Azure Container Registry Support
PSResourceGet now supports Azure Container Registries (ACR) as a repository type. If your organization hosts private modules in ACR instead of a NuGet feed, you can now register it as a repository and use all the regular PSResourceGet commands against it.
Constrained Language Mode
For those working in locked-down environments where Constrained Language Mode (CLM) is enforced, PSResourceGet now works properly in that context. Prior to 1.2.0, trying to use PSResourceGet in CLM could fail — which was particularly frustrating in environments where CLM was enforced specifically for security reasons, and you needed PSResourceGet to manage the approved modules.
Performance Improvements
Container Registry repositories are now faster thanks to token caching. If you’re using a private registry and noticed things were a bit sluggish, this should help.
Better Error Messages
A few quality-of-life improvements:
Uninstall-PSResourceno longer fails silently when a resource wasn’t found — it actually tells you- Authenticode check failures now have improved error messages
- OneDrive-related “Access Denied” errors when uninstalling modules have been fixed
Should You Switch?
If you’re still on PowerShellGet: yes.

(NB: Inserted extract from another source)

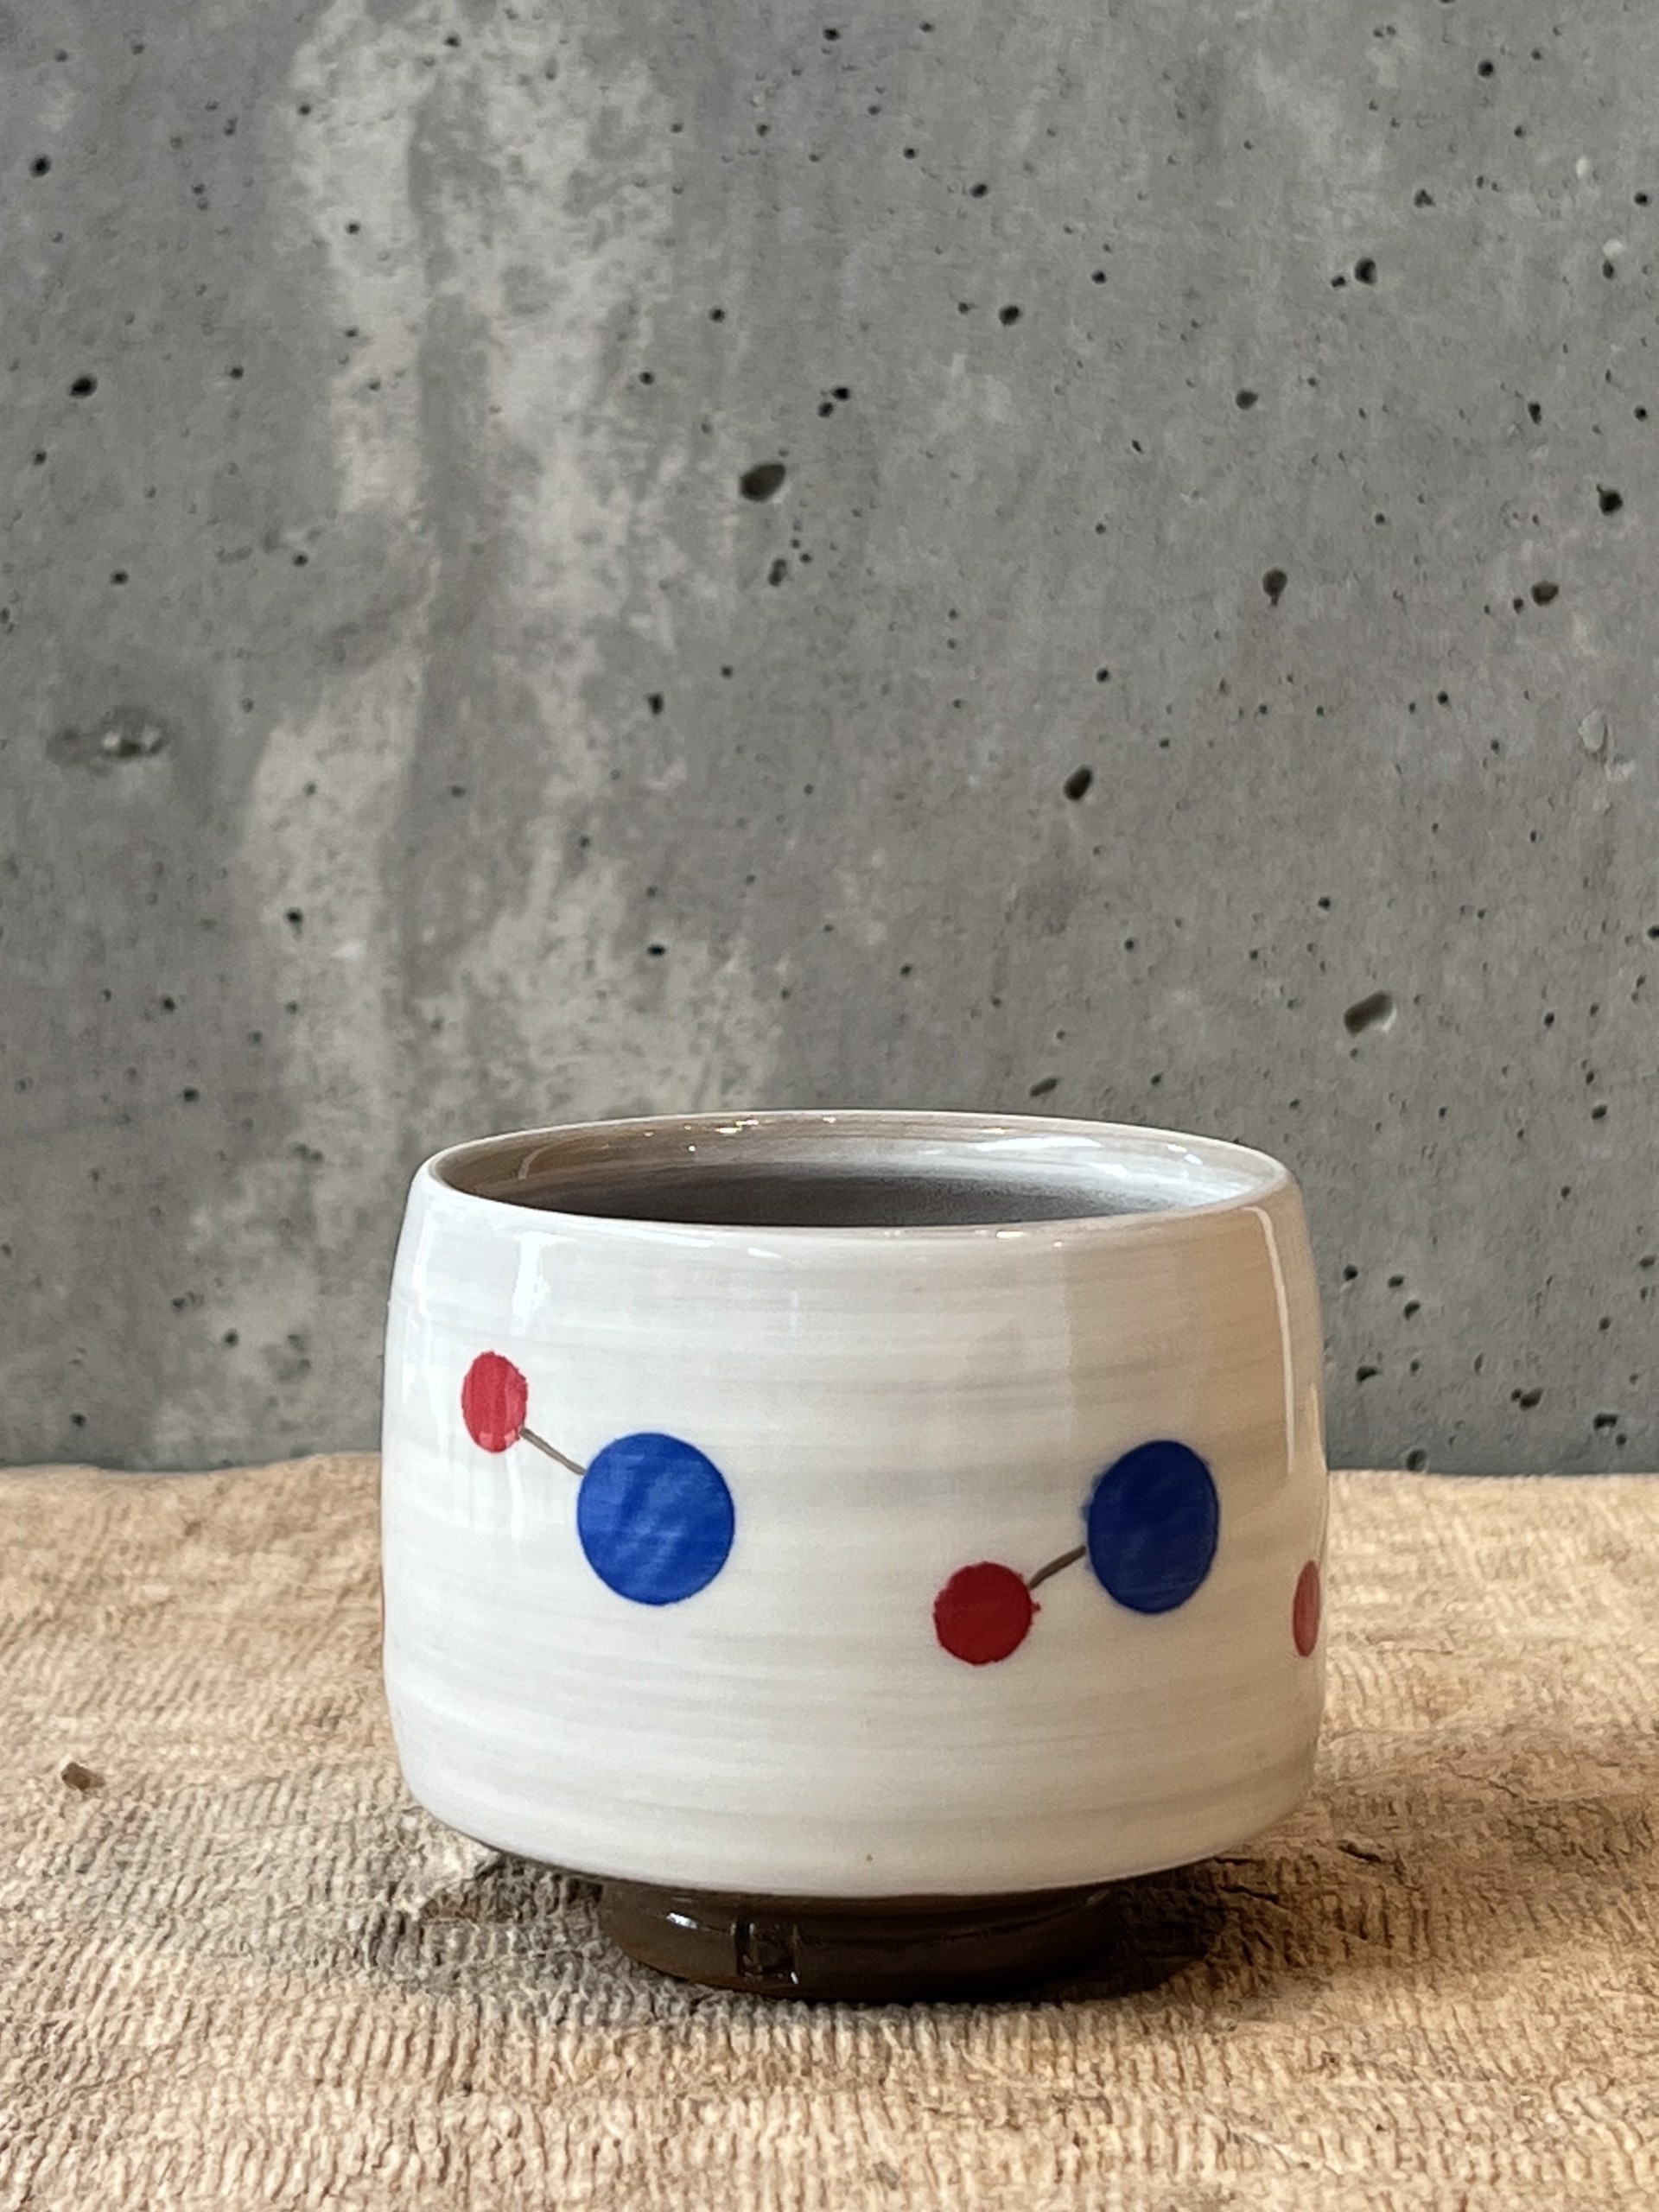 Yunomi Cup with Dots No. 1 by Doug Schroder

The performance difference alone is worth it, and the command mapping is straightforward. Use the compatibility module if you need a smooth transition.
If you’re already on PSResourceGet 1.1.0: the upgrade to 1.2.0 comes free with PowerShell 7.6, or you can install it from the PowerShell Gallery:
Install-PSResource -Name Microsoft.PowerShell.PSResourceGet
For the full list of changes, check out the release notes on GitHub and the official documentation on Microsoft Learn.